Example 2: Enforcing strict table-name and key patterns to mitigate IDOR/BOLA via input validation. This ensures that user-controlled identifiers cannot reference unexpected tables or keys that may lead to cross-tenant data exposure.

use aws_sdk_dynamodb::types::AttributeValue;
use actix_web::{post, web};

#[post("/users/{user_id}")]
async fn get_user(
    client: web::Data,
    path: web::Path<(String,)>, // user_id as path param
) -> Result {
    let (user_id,) = path.into_inner();
    // Validate user_id format to prevent IDOR
    if !user_id.chars().all(|c| c.is_ascii_alphanumeric() || c == '-' || c == '_') {
        return Err(actix_web::error::ErrorBadRequest("Invalid user_id"));
    }
    let output = client
        .get_item()
        .table_name("prod-users")
        .key(
            "user_id",
            AttributeValue::S(user_id),
        )
        .send()
        .await;
    match output {
        Ok(resp) => Ok(actix_web::HttpResponse::Ok().json(resp.into_inner().item)),
        Err(e) => Err(actix_web::error::ErrorInternalServerError(e.to_string())),
    }
}

These patterns emphasize explicit configuration and strict input validation, which align with how middleBrick’s checks for BOLA/IDOR, Input Validation, and Property Authorization can surface issues when DNS or configuration drift leads to unintended endpoints. By pinning endpoints and validating identifiers, you reduce the risk that a dangling DNS record can redirect traffic in a way that bypasses intended controls.
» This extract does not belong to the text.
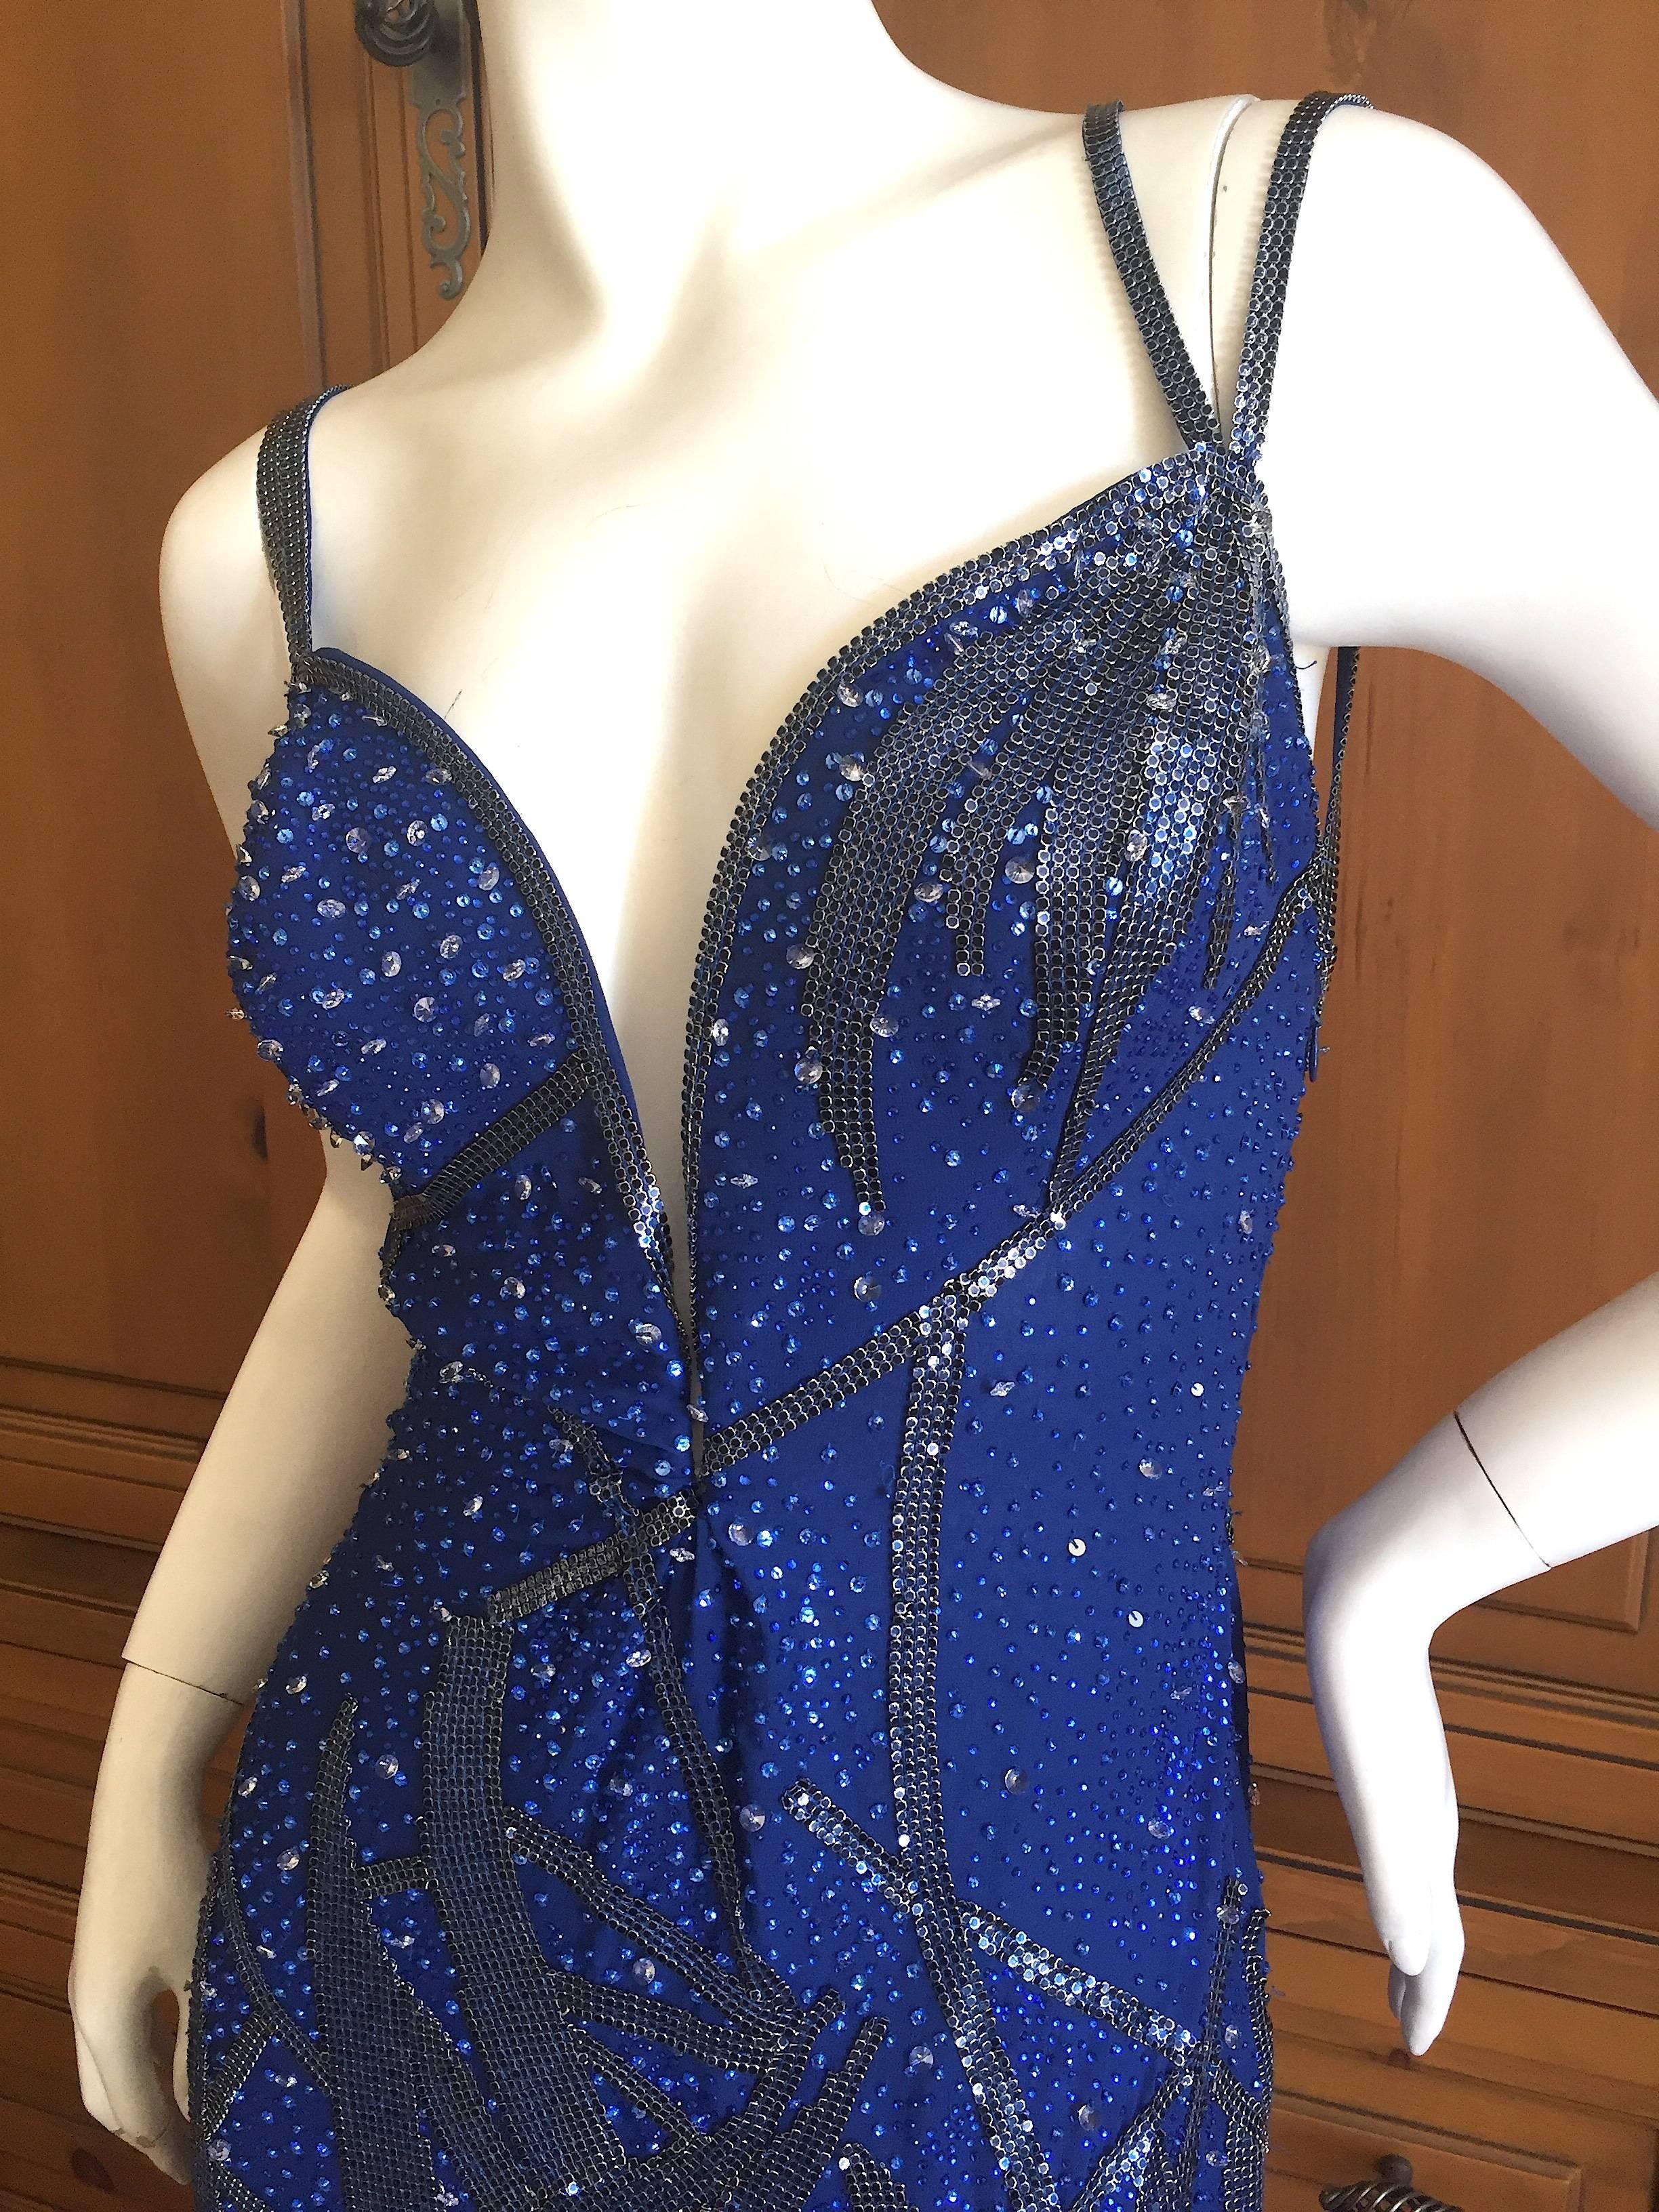 Atelier Versace Gianni Era Blue Evening Dress with Metal Mesh and Crystal Detail In Excellent Condition For Sale In Cloverdale, CA

Frequently Asked Questions

How does middleBrick detect dangling DNS risks in an Actix service using DynamoDB?
middleBrick performs unauthenticated runtime checks that observe outbound DNS resolution and connections made by the Actix service. It looks for unexpected IPs, missing authorization on observed endpoints, and data exposure that can occur when DNS records become stale and route requests to unintended or misconfigured endpoints, including interactions with DynamoDB.
Can the middleware or dashboard automatically fix dangling DNS issues found in DynamoDB integrations?
middleBrick detects and reports findings with remediation guidance; it does not fix, patch, block, or remediate. You should update DNS records, use static endpoints, and enforce input validation in your Actix code as described in the remediation examples.